Aim of the exercise - What you give back should be only the lines from the one holding "Plain White Cotton" through the final line of the records, each reproduced exactly.

Stored items:
--- START ---

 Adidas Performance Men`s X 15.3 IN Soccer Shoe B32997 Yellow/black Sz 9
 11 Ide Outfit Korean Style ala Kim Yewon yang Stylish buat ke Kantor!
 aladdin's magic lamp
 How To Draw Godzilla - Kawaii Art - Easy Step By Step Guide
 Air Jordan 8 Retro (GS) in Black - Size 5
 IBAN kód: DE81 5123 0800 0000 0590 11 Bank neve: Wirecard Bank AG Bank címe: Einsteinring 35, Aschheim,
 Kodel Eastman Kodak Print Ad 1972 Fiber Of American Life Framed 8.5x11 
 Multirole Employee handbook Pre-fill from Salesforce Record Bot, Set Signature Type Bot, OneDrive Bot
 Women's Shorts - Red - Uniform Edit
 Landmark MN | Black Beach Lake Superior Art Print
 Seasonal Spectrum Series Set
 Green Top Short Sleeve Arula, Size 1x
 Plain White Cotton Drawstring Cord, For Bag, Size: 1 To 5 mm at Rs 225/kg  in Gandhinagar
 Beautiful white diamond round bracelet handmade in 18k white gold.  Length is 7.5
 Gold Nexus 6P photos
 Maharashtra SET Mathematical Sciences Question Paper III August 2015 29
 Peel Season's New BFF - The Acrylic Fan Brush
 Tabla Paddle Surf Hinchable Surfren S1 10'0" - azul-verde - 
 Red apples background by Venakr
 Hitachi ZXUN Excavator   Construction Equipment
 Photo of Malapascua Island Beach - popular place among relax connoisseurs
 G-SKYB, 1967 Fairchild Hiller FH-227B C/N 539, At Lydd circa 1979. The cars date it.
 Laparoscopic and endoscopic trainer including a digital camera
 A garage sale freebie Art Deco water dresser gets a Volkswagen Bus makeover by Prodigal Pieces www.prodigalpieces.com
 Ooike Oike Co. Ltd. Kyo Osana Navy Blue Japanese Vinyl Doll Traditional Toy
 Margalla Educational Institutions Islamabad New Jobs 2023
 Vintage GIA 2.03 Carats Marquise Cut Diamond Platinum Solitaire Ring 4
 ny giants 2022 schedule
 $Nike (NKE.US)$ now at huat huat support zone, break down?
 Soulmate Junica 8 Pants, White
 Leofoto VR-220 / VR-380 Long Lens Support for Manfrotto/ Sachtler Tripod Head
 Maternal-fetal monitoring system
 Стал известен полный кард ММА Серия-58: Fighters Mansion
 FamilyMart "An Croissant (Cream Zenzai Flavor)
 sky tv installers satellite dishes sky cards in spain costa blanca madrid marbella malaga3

--- END ---

Task answer -
 Plain White Cotton Drawstring Cord, For Bag, Size: 1 To 5 mm at Rs 225/kg  in Gandhinagar
 Beautiful white diamond round bracelet handmade in 18k white gold.  Length is 7.5
 Gold Nexus 6P photos
 Maharashtra SET Mathematical Sciences Question Paper III August 2015 29
 Peel Season's New BFF - The Acrylic Fan Brush
 Tabla Paddle Surf Hinchable Surfren S1 10'0" - azul-verde - 
 Red apples background by Venakr
 Hitachi ZXUN Excavator   Construction Equipment
 Photo of Malapascua Island Beach - popular place among relax connoisseurs
 G-SKYB, 1967 Fairchild Hiller FH-227B C/N 539, At Lydd circa 1979. The cars date it.
 Laparoscopic and endoscopic trainer including a digital camera
 A garage sale freebie Art Deco water dresser gets a Volkswagen Bus makeover by Prodigal Pieces www.prodigalpieces.com
 Ooike Oike Co. Ltd. Kyo Osana Navy Blue Japanese Vinyl Doll Traditional Toy
 Margalla Educational Institutions Islamabad New Jobs 2023
 Vintage GIA 2.03 Carats Marquise Cut Diamond Platinum Solitaire Ring 4
 ny giants 2022 schedule
 $Nike (NKE.US)$ now at huat huat support zone, break down?
 Soulmate Junica 8 Pants, White
 Leofoto VR-220 / VR-380 Long Lens Support for Manfrotto/ Sachtler Tripod Head
 Maternal-fetal monitoring system
 Стал известен полный кард ММА Серия-58: Fighters Mansion
 FamilyMart "An Croissant (Cream Zenzai Flavor)
 sky tv installers satellite dishes sky cards in spain costa blanca madrid marbella malaga3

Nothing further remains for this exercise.